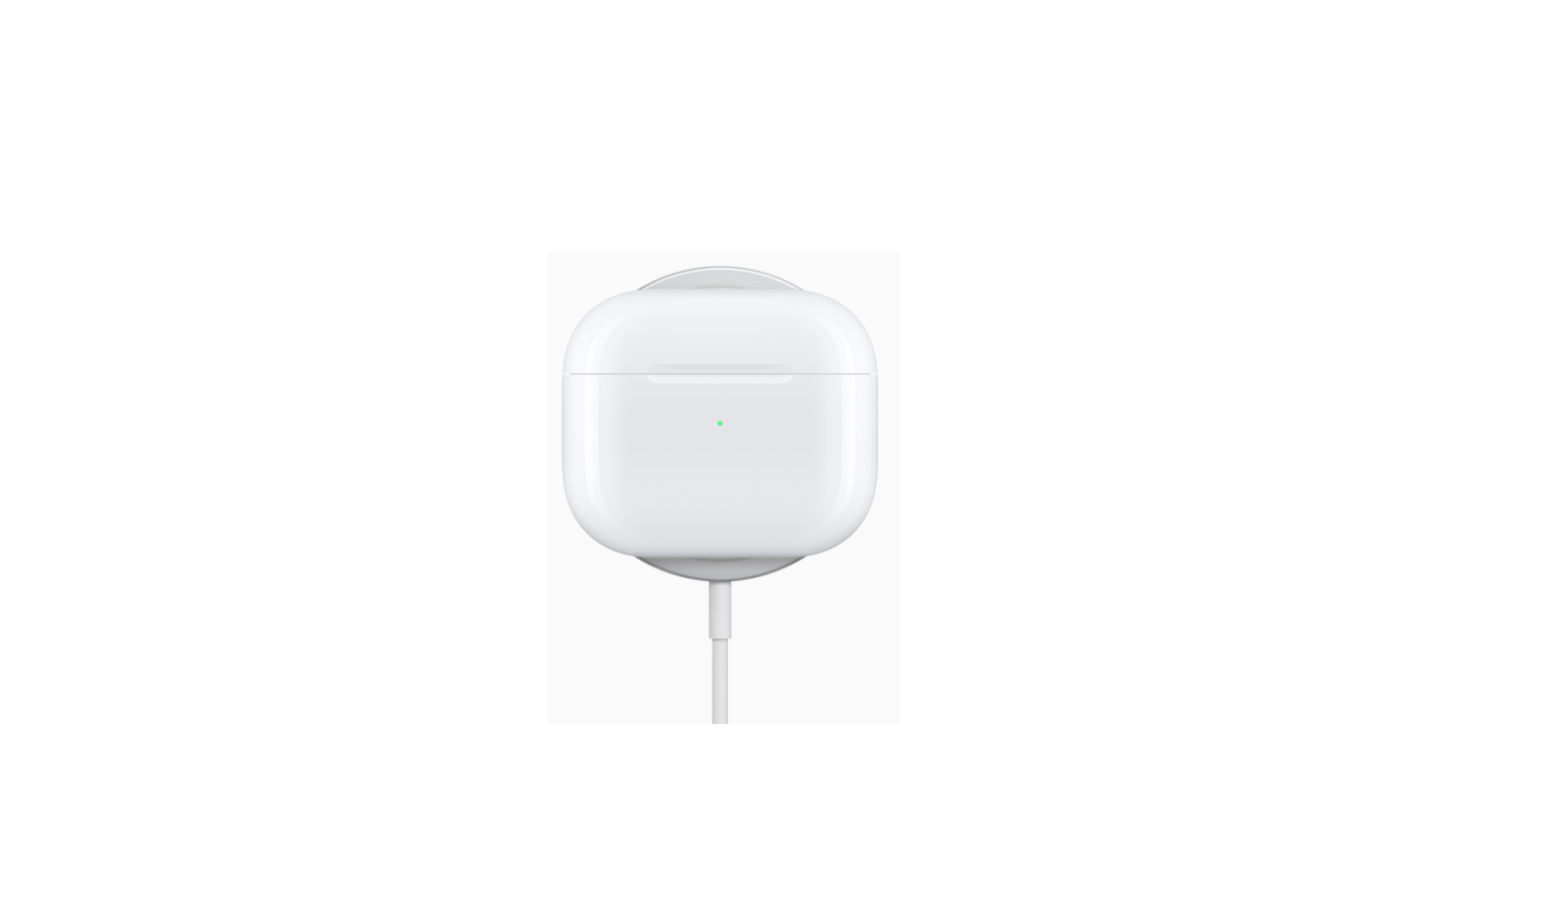 Apple Airpods Pro Magsafe Charging Case safety featured
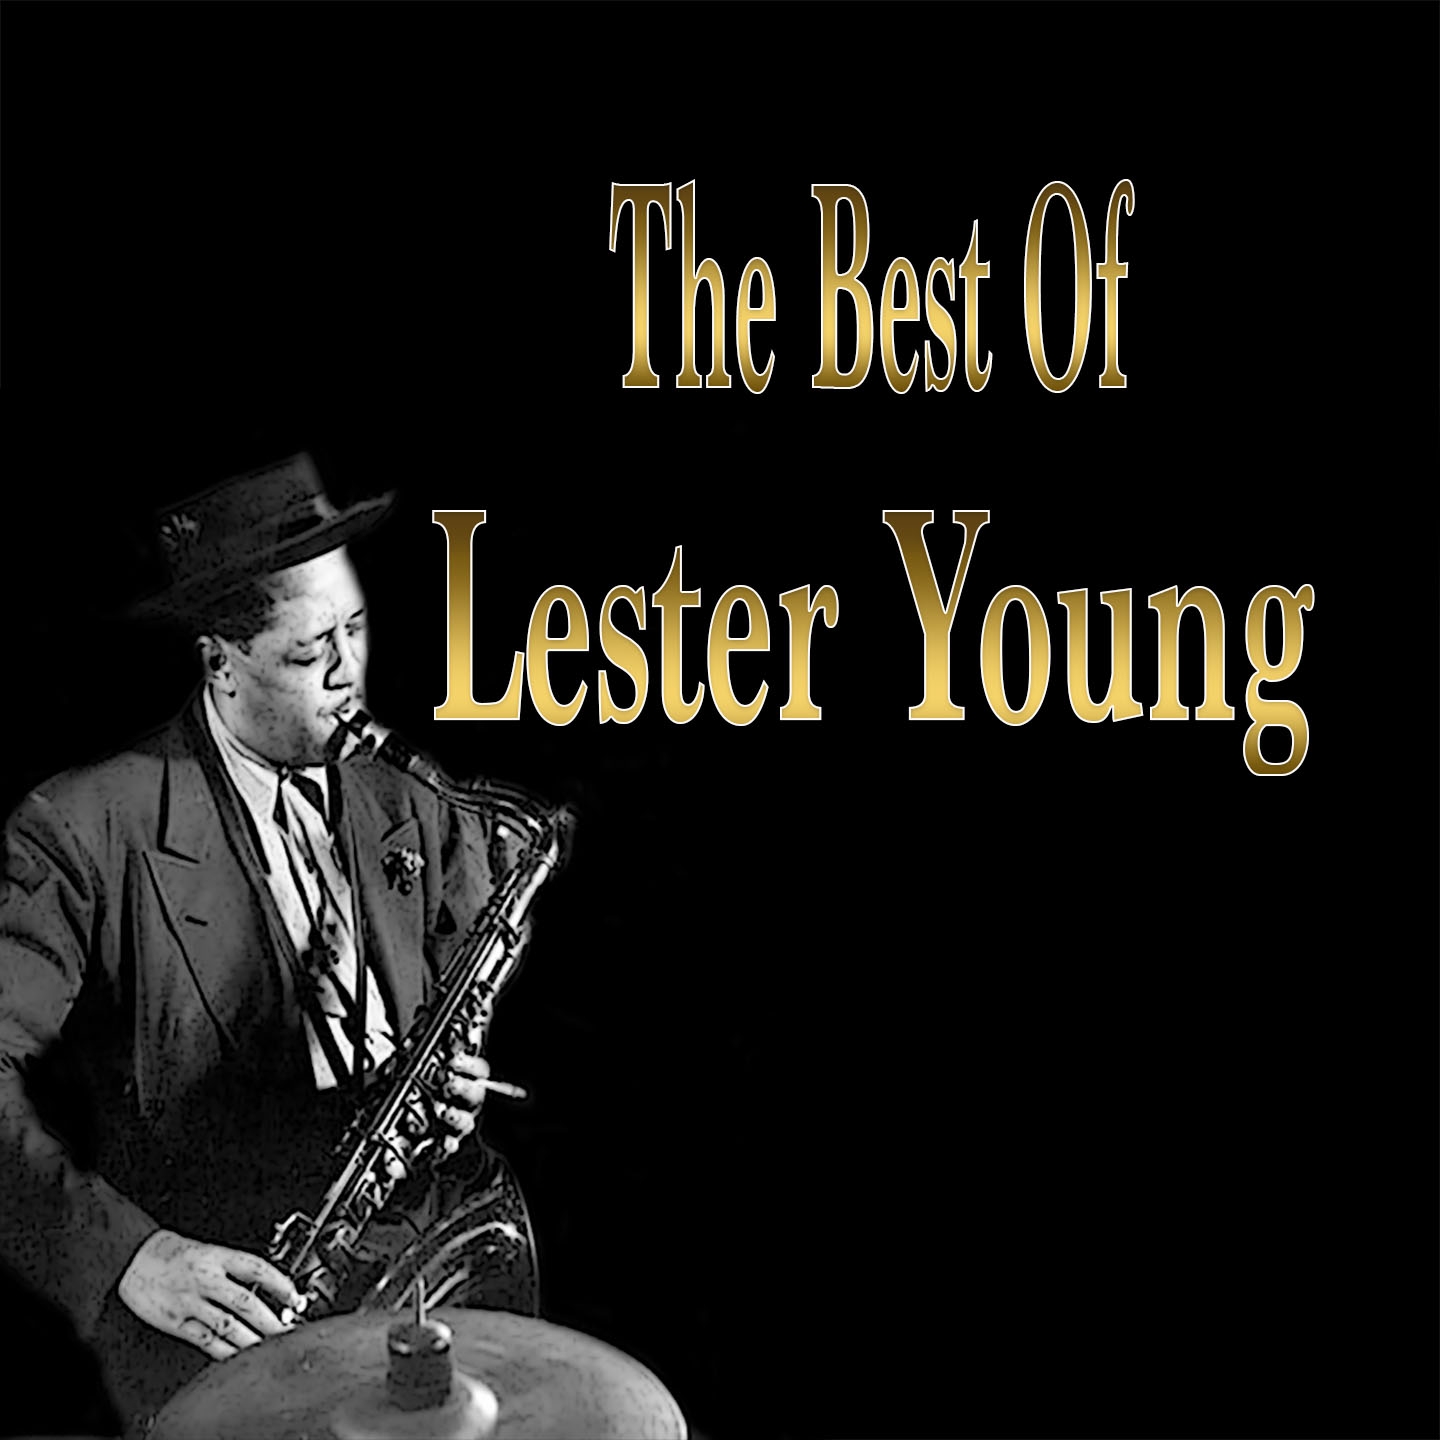 The Best of Lester Young - Just You Just Me, I Never Knew, And 20 Other Hits
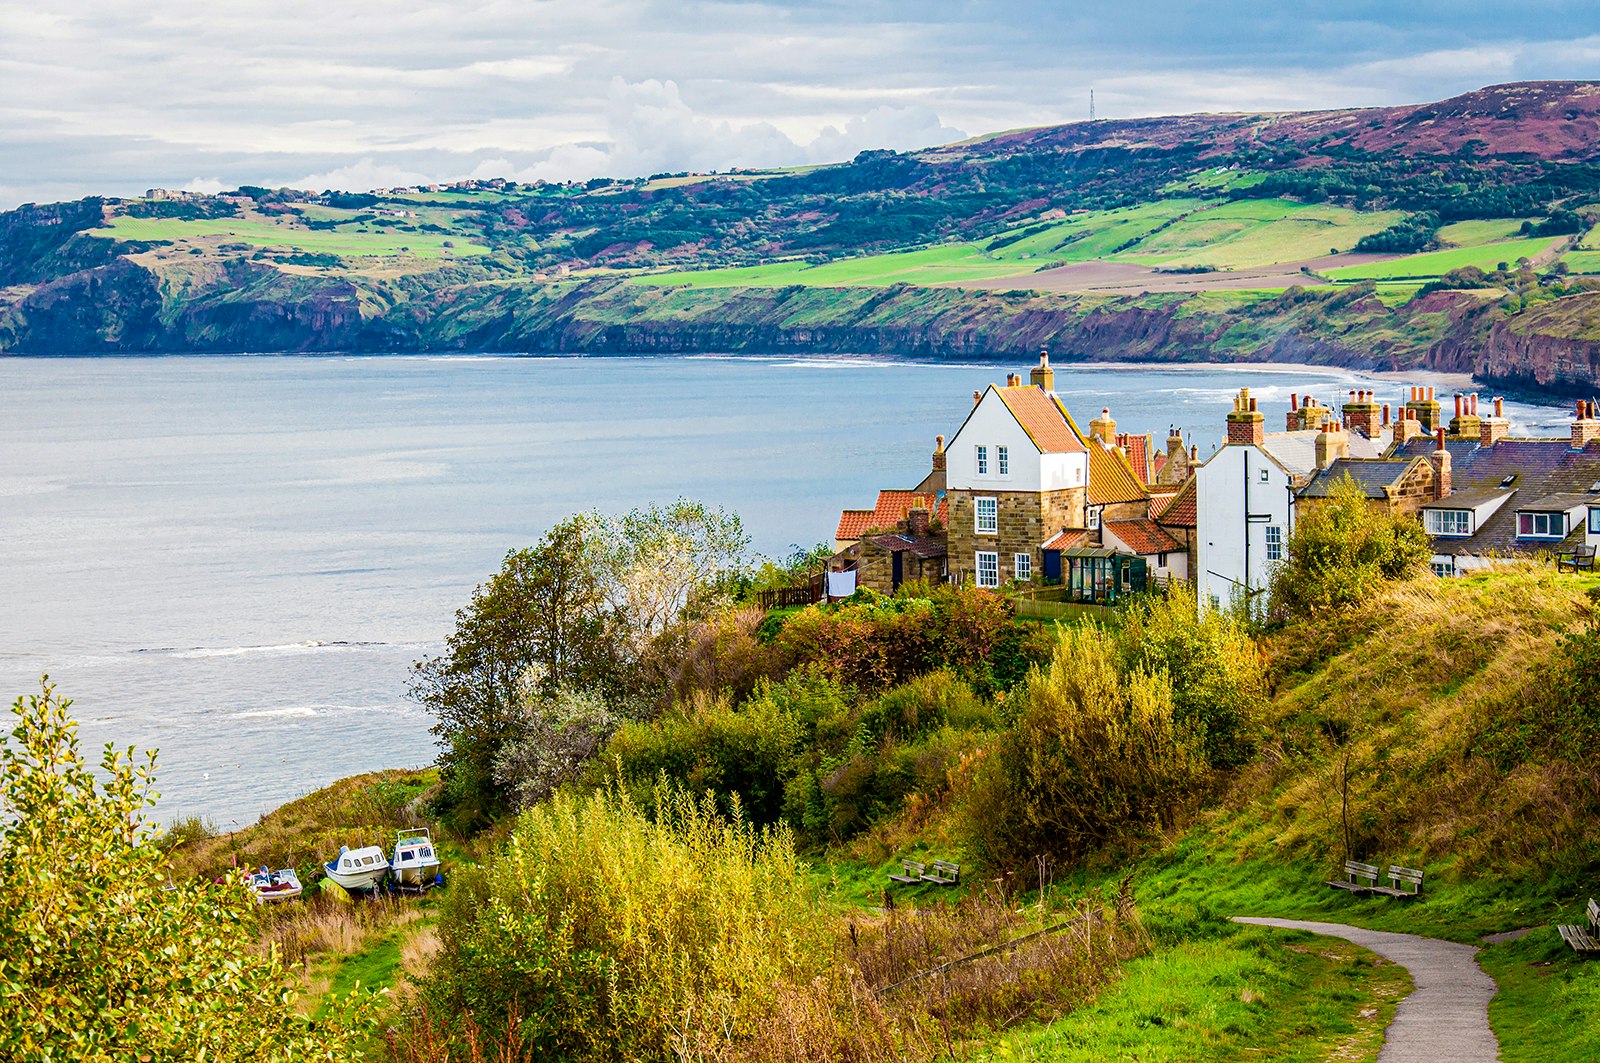 A small path leads to a fishing community with historic white buildings with orange roofs. The town sits on the edge of a bay with rolling green hills in the background. England.

★ ★ ★

_What needs to be done_. When you write out the material, reproduce each line exactly and omit any picture it holds.

_Written solution_.
 Apple Airpods Pro Magsafe Charging Case safety featured
 The Best of Lester Young - Just You Just Me, I Never Knew, And 20 Other Hits
 A small path leads to a fishing community with historic white buildings with orange roofs. The town sits on the edge of a bay with rolling green hills in the background. England.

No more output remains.